Надежда Петровна Опочинина и молоденький еще Модест Петрович Мусоргский. Здесь тоже была преграда, всё то же общественное мнение… «В память ее суда надо мной»… Что за оговорка? Как будто препятствие в какое-то мгновение перестало ощущаться, но потом — пришло «отрезвление» и укор со стороны той, что все-таки была старше?

И как понимать признание, оброненное однажды Мусоргским в письме к Стасову, мимоходом: «Если сильная, пылкая и любимая женщина сжимает крепко в своих объятиях любимого ею человека, то, хотя и сознается насилие, но из объятий не хочется вырваться, п. ч. это насилие — „через край блаженство“, п. ч. от этого насилия „пышет полымем кровь молодецкая“. Сравнения не стыжусь: как ни вертись и ни кокетничай с правдой, — тот, кто испытал любовь во всей ее свободе и силе, тот жил и помнит, что прекрасно жил, и не бросит тенью на былое блаженство».

Несомненно — воспоминание о чем-то пережитом, с той болью счастья, даже с тем ужасомвозможного, пусть даже короткого счастья, когда забываешь о «мнении людском» и потом памятью возвращаешься к этим мгновениям как самым светлым минутам — часам? дням? годам? — своей жизни.

Женские образы, особо близкие сердцу Мусоргского, — бабушка, няня, Людмила Ивановна Шестакова, чуть позже — певица Анна Яковлевна Петрова-Воробьева… И все — старенькие, словно пришедшие совсем из иных времен.
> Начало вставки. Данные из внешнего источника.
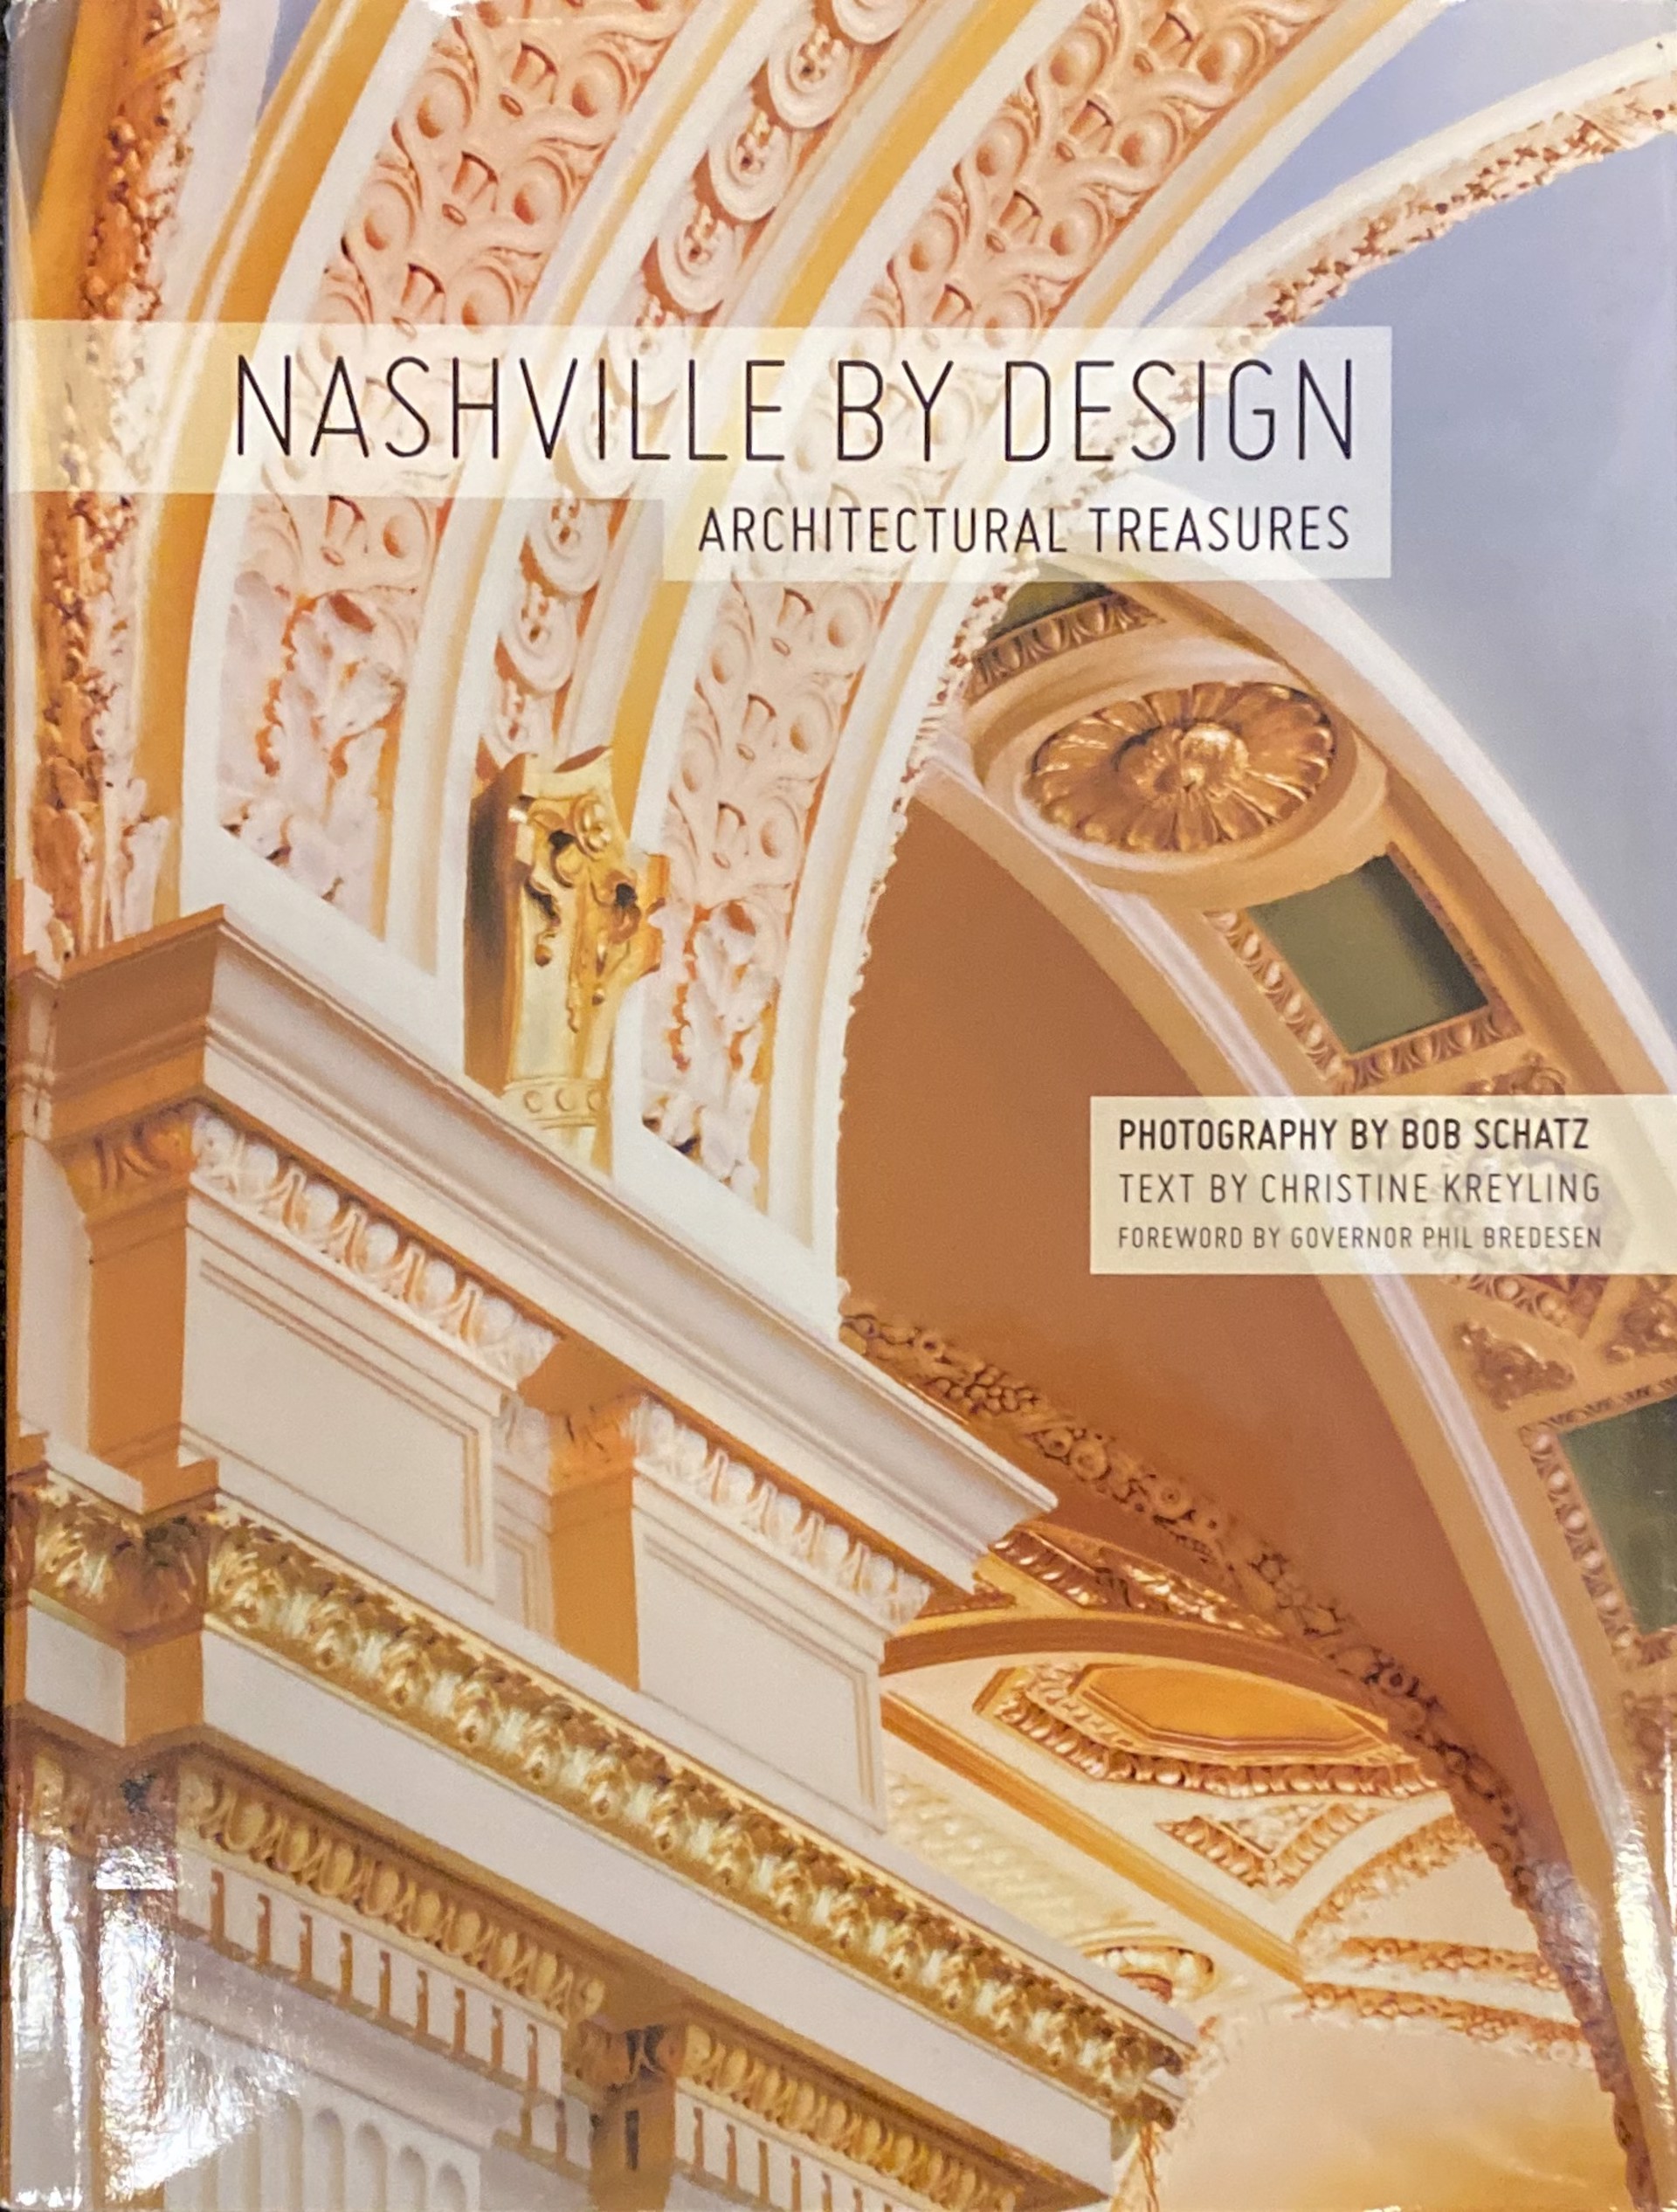 Nashville By Design by Bob Schatz

Две женщины — до болидорогие: мать и Надежда Петровна Опочинина. И рядом с ее именем столько посвящений…

Но только ли в этих произведениях отразился ее лик? Есть среди образов, созданных композитором, особенно ему дорогой, именно — до боли…Раскольница Марфа в музыкальной драме «Хованщина». Он еще придет к нему. И эта опера будет писаться много долее, нежели «Борис». Быть может, и потому, что слишком дорога была Мусоргскому его героиня?